Pub Date: April 1st, 1996
ISBN: 0802135013
Publisher: Grove

Nice Mary Alice Baker gets involved with all sorts of nasty terrorists in this Saturday-matinee serial for the '90s. One day, Mary Alice is a normal California girl--abusive father, dead-end job snapping photos of tiny tots at Hansel and Gretel, shiftless boyfriend named Wrex with the same Doc Martens, leather jacket, and tattoos as everybody else's boyfriend. Then Wrex asks her to run an errand at the Los Angeles Airport--to swap a package he's got for another that's coming in at noon.
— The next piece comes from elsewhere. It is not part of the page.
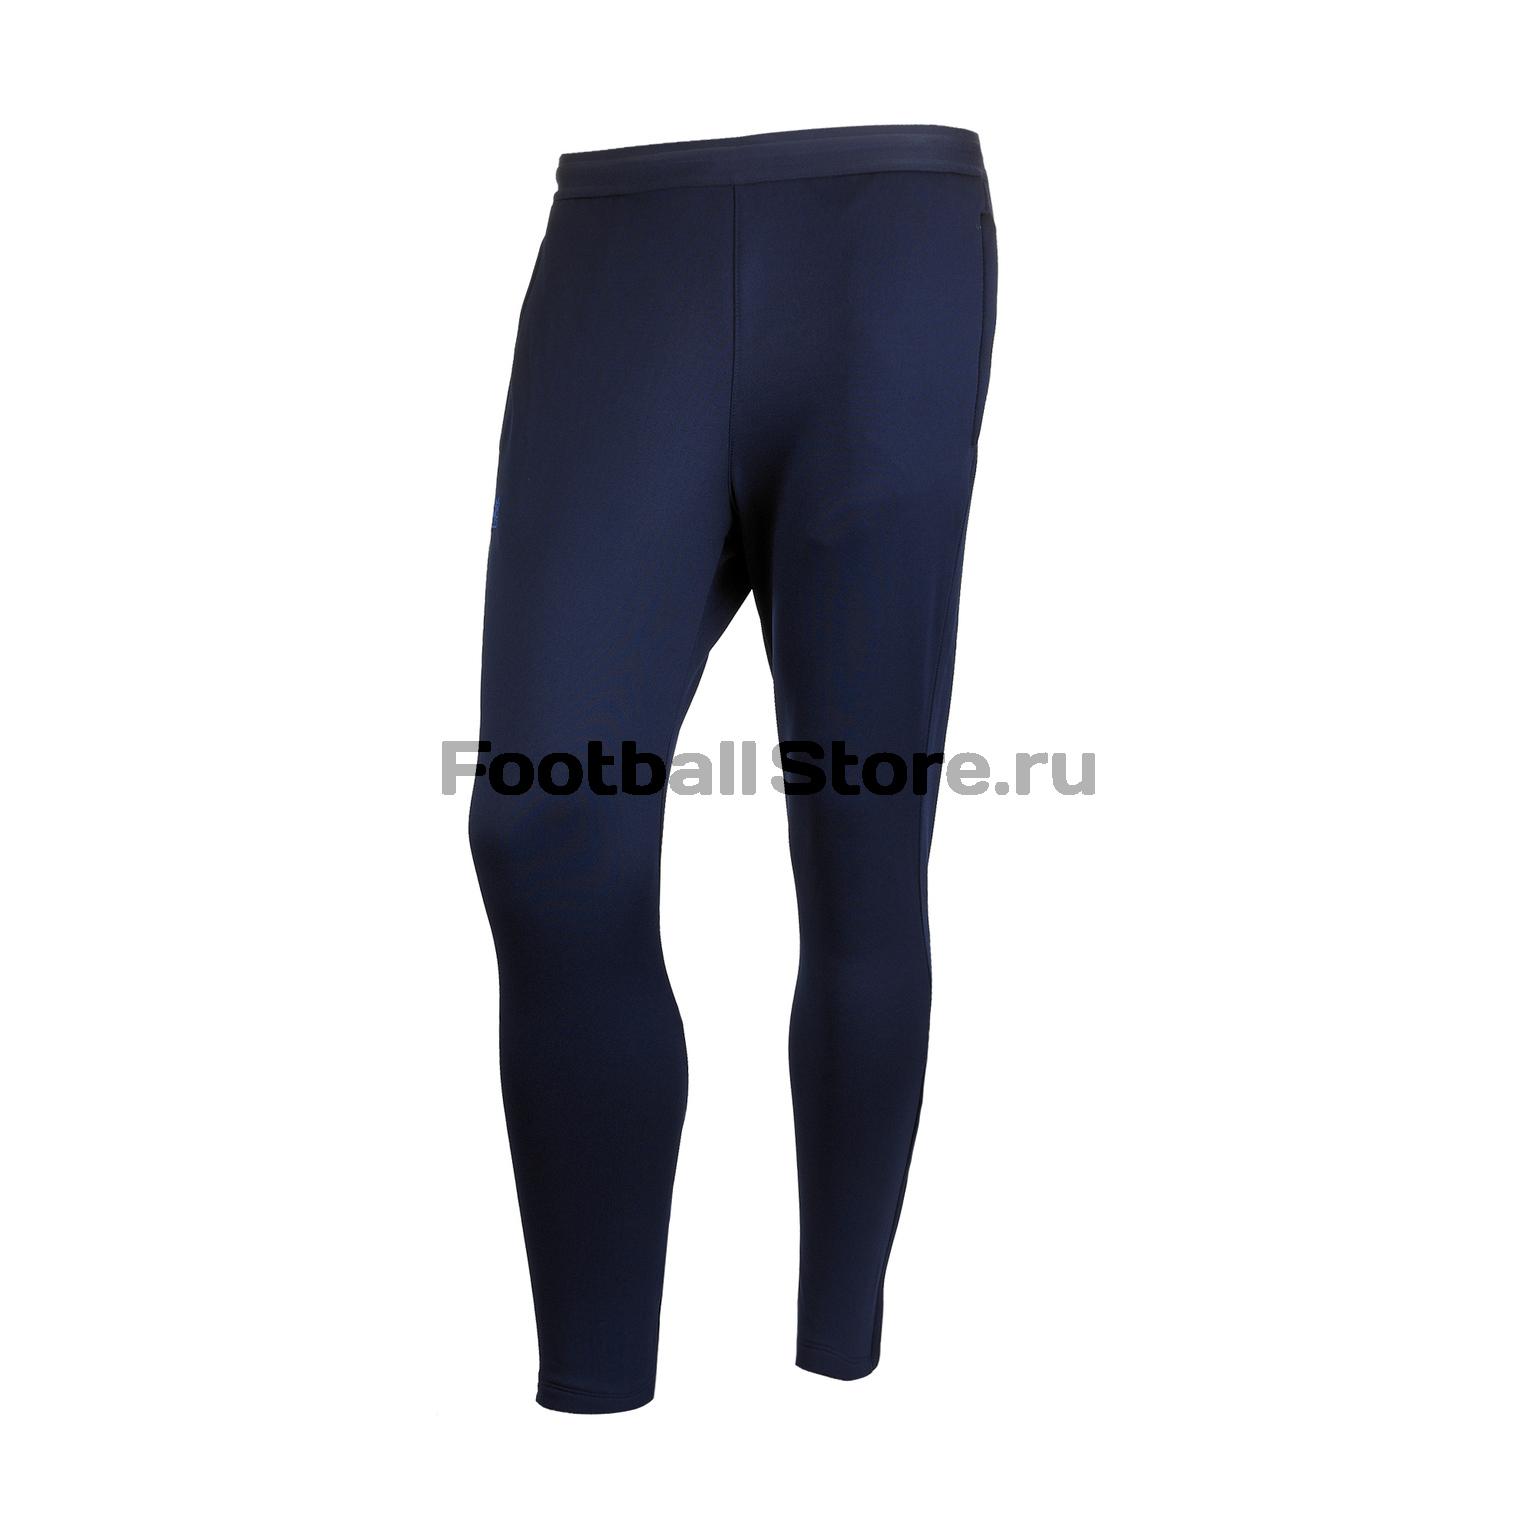 цена на Брюки Nike Chelsea Pant AT4091-451

Mary Alice has the requisite misgivings, but Wrex will go as high as $200 for the favor, and ""the more I drank, the safer the whole idea sounded."" So Mary Alice agrees to make the swap, except a few things go wrong, and bang! the package blows up while she's still in LAX, sending her into hiding from (1) the local (and not-so-local) authorities; (2) Mike Fleischer, the mysterious buyer who never liked amateur couriers to start with and is sure this one has double-crossed him; (3) Frick and Frack, Fleischer's bullyboys, whose good terrorist/bad terrorist routine reminds Mary Alice of nobody so much as her father; and, for all she knows, (4) from the rotten apple among the bevy of exciting new friends she's met since transforming herself into pop-art photographer Nina Zero. There's demented filmmaker Cass, her randy painter friend Billy b, colorful Santa Monica gallery owner Bobby Easter, and a pair of private eyes named Ben and Jerry. All this sounds a lot more fun than it is, because the cheerfully crazy characters Mary Alice--sorry: Nina--meets aren't all that different from one another, the terrorist plot is familiar and featherweight, and Mary Alice's self-styled ""Confession of an Accidental Terrorist"" lacks a style as flagrantly goofy as the events it retails, probably because even as Nina Zero, Mary Alice remains invincibly nice. Eversz (False Profit, 1990, etc.) whips up a candy-colored terrorist parfait in which the copious blood might as well be strawberry sauce.